Training and Datasets
While the specific datasets and full training details have not been comprehensively disclosed, Bark’s training regime follows the transformer-based methodology popularized in recent text and audio generative research. The model is trained in an autoregressive manner, mapping text to semantic representations and then to audio tokens, as outlined in NanoGPT and adapted for audio by AudioLM-Pytorch. The adoption of EnCodec as the quantization backbone for audio tokens facilitates efficient representation and scalable training, a technique similarly employed in other generative audio models.
Usage and Applications
Bark's ability to generate expressive, multilingual, and nonverbal audio makes it suitable for a wide range of use cases. Notable applications include the development of accessibility tools via lifelike text-to-speech in multiple languages, automated narration for video content, synthetic voiceover for creative productions, the generation of music and sound effects, and linguistic research.
In practice, Bark can be run locally using the Hugging Face Transformers library or through the original Bark library. The model supports Python-based inference pipelines and provides options for fine-grained control over generation parameters and prompt structure. By default, Bark is designed for generating audio segments of approximately 13–14 seconds; however, long-form audio generation is supported via chunked inference strategies, as demonstrated in the official notebooks.
Bark generating English speech with a German accent from a code-switched prompt, highlighting accent adaptation capabilities. [Source]Audio sample demonstrating the use of a specific voice preset with Bark for controlled voice selection. [Source]Basic example of Bark generating long-form audio from extended text input, showcasing its support for chunked generation. [Source]Demonstration of Bark generating a multi-turn dialogue, illustrating its capabilities for conversational audio synthesis. [Source]
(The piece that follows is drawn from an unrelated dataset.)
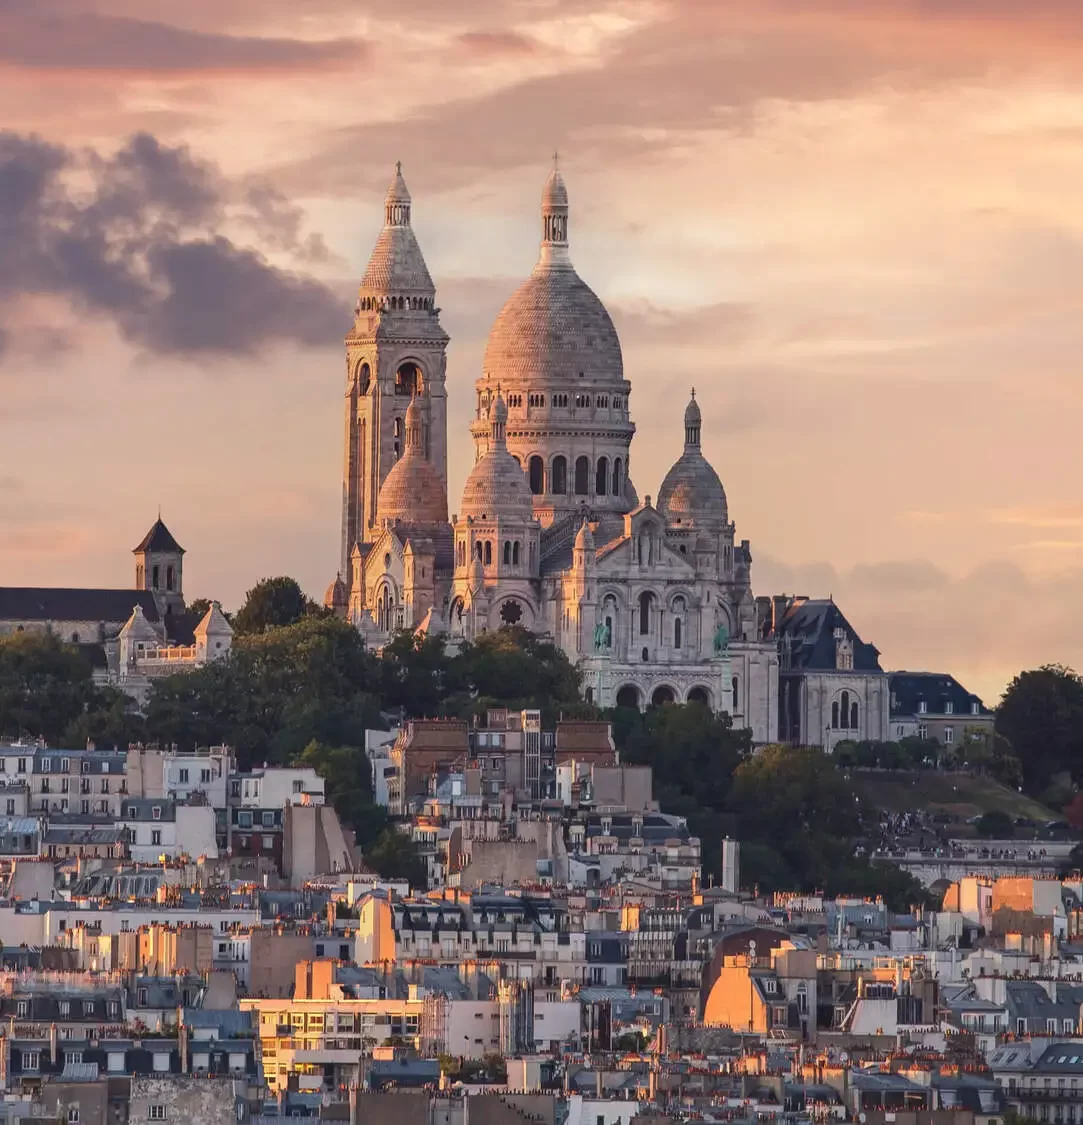 EXCURSION TO MONTMARTRE

Model Versions, Release, and Limitations
Bark was initially released in April 2023, and subsequently relicensed under the MIT License in May 2023, as recorded on the Hugging Face model card. Both a small and a large checkpoint are provided, optimized for different computational resources and performance requirements. The small variant is accessible at bark-small, while the primary model is available at bark.
Despite its versatility, Bark presents certain limitations. As a generative model, its outputs are inherently stochastic and may sometimes diverge from prompt intent. Output duration is optimized for segments under 14 seconds, and while Bark offers speaker and accent variation, it does not currently support individualized voice cloning. The model excels in English, with varying performance across other languages. To help mitigate unintended uses, Suno provides a classifier for identifying Bark-generated audio, as described in the official documentation.